- Born: December 12, 1938 Phoenix, Arizona, US
- Died: September 5, 2009 (aged 70) Oklahoma City, Oklahoma, US
- Citizenship: Kiowa, American

= Dennis Belindo =

Kiowa-Diné painter, educator, analyst and activist

"Native Man with Bone Whistle," 1981, acrylic on paper.

Dennis W. Belindo (December 12, 1938 – September 5, 2009), also called Aun So Te ("Foot") was a Kiowa-Diné painter, educator, analyst and activist. He utilized acrylic, watercolor, and casein for his paintings, which combined the flat style with modernism and cubism to highlight aspects of Kiowa life.

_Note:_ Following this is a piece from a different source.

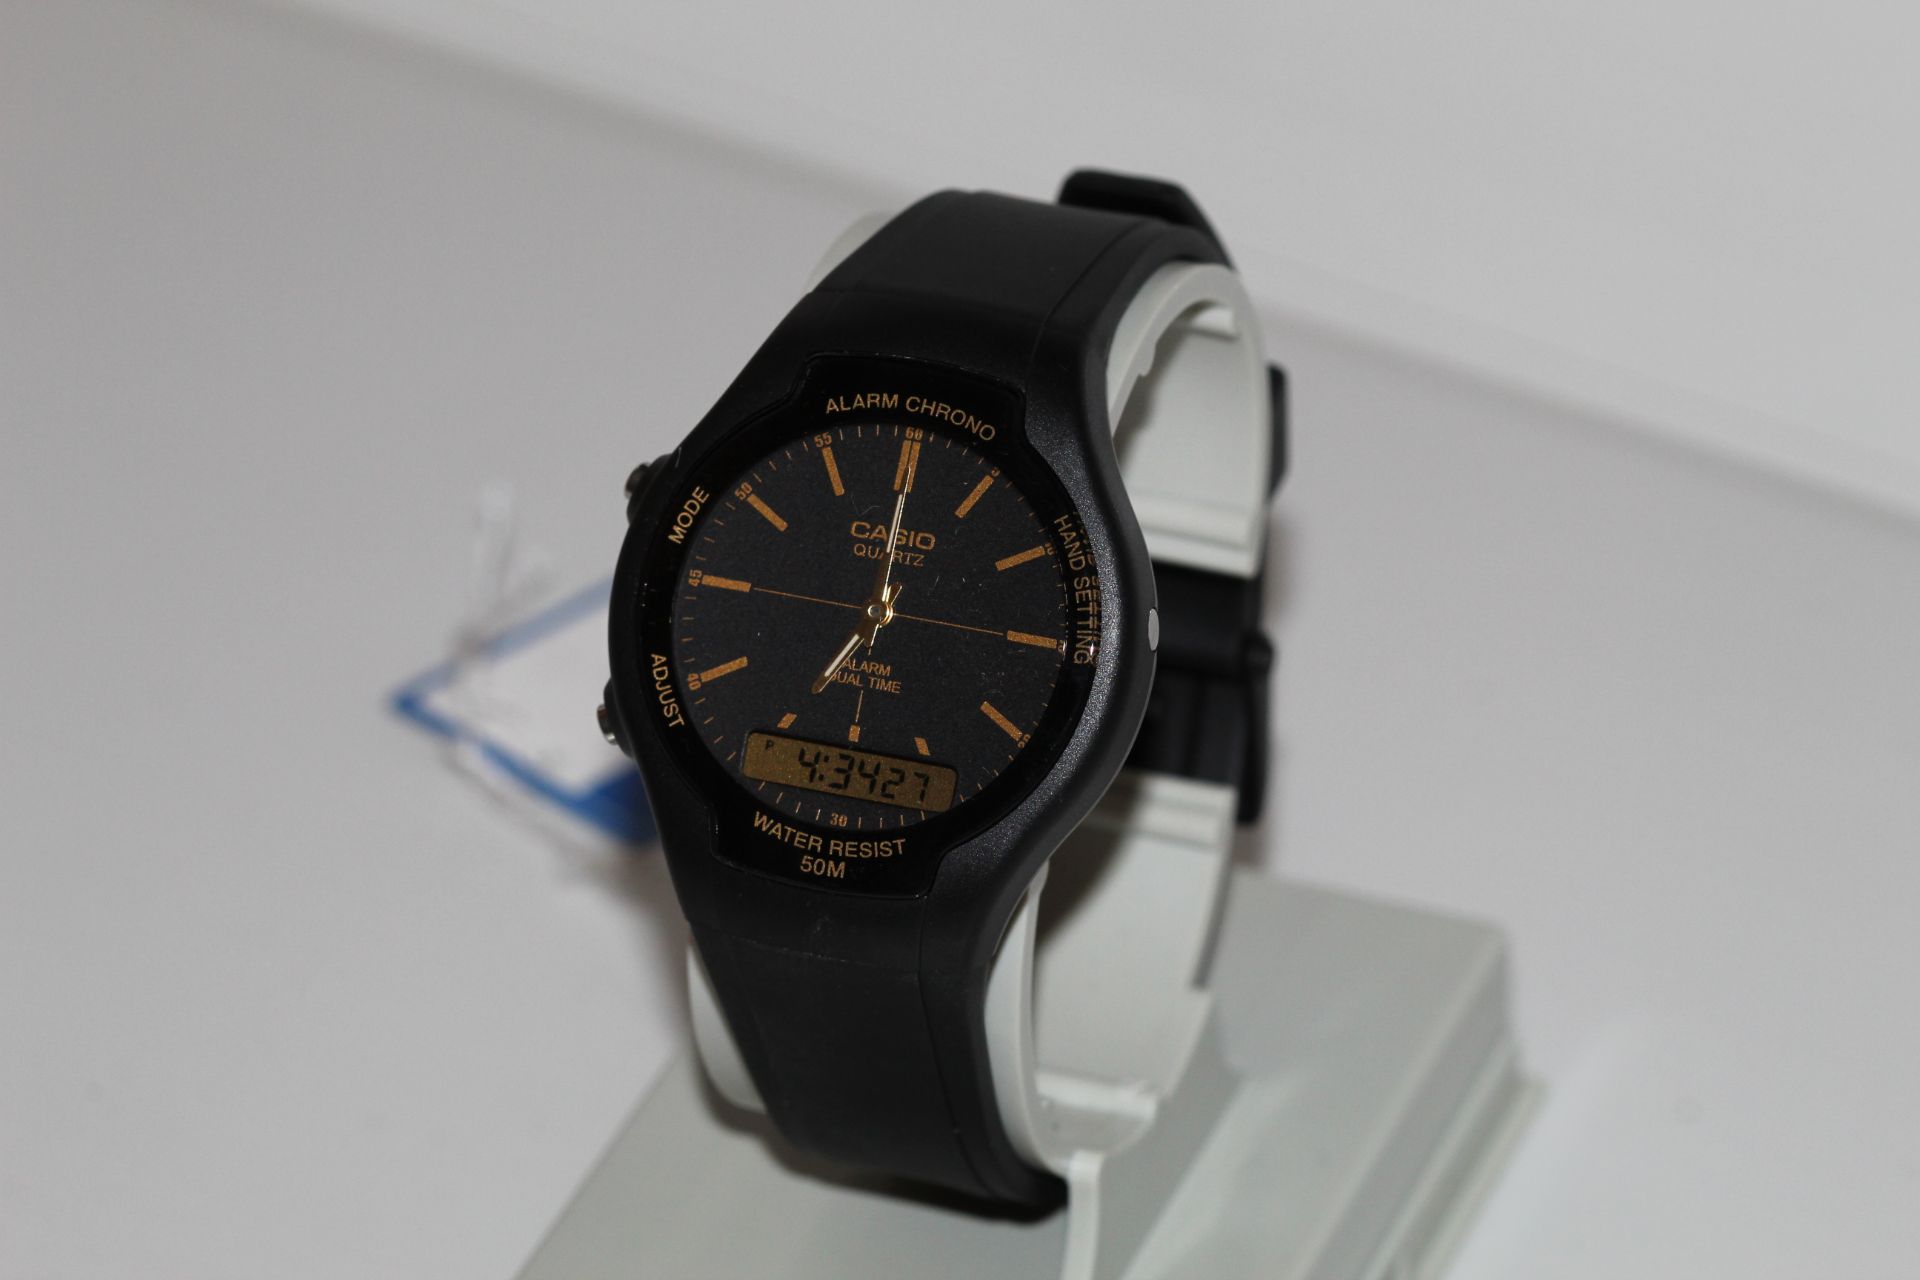 Casio dual time watch - Image 2 of 3

Belindo exhibited his artwork across the country and has works in the public collections of several institutions including the Oklahoma Historical Society Museum. Some of his papers are held in the collection of the Smithsonian Institution.

Belindo was born in Phoenix, Arizona to Ruby Goomda and Damon Jarrack Belindo (Be-Lin-Hilje). He is a descendant of Red Cloud and Lone Wolf (Kiowa). After graduating from high school, Belindo attended Bacone College, the University of Oklahoma, Oklahoma City University School of Law, and the University of New Mexico.

Belindo primarily lived and worked in Oklahoma. He became known for his brightly colored paintings and serigraphs. In addition to painting, he also frequently gave presentations and spoke on art and Kiowa topics. He was a member of the Black Legging Warrior Society of the Kiowa tribe and advocated for the recognition of native heritage.

He was the father of Jon and Barry Belindo, both artists in their own right. A 2006 exhibit at the Southern Plains Indian Museum in Anadarko, Oklahoma featured the work of Belindo and his sons. The show, entitled Goomda tday khon gyuop ah daw (They are Goomda's grandchildren), was dedicated to Belindo's maternal grandfather. Belindo said of this exhibit, "At this point in my life, I am dedicated to working with the young people of the Kiowa nation and as an artist to inspire others to create works of art as part of the material culture of the Kiowa people. I am a part of the last generation to have known the old people."

Belindo died in 2009 in Oklahoma City. He is buried in the Rainy Mountain KCA Intertribal Cemetery.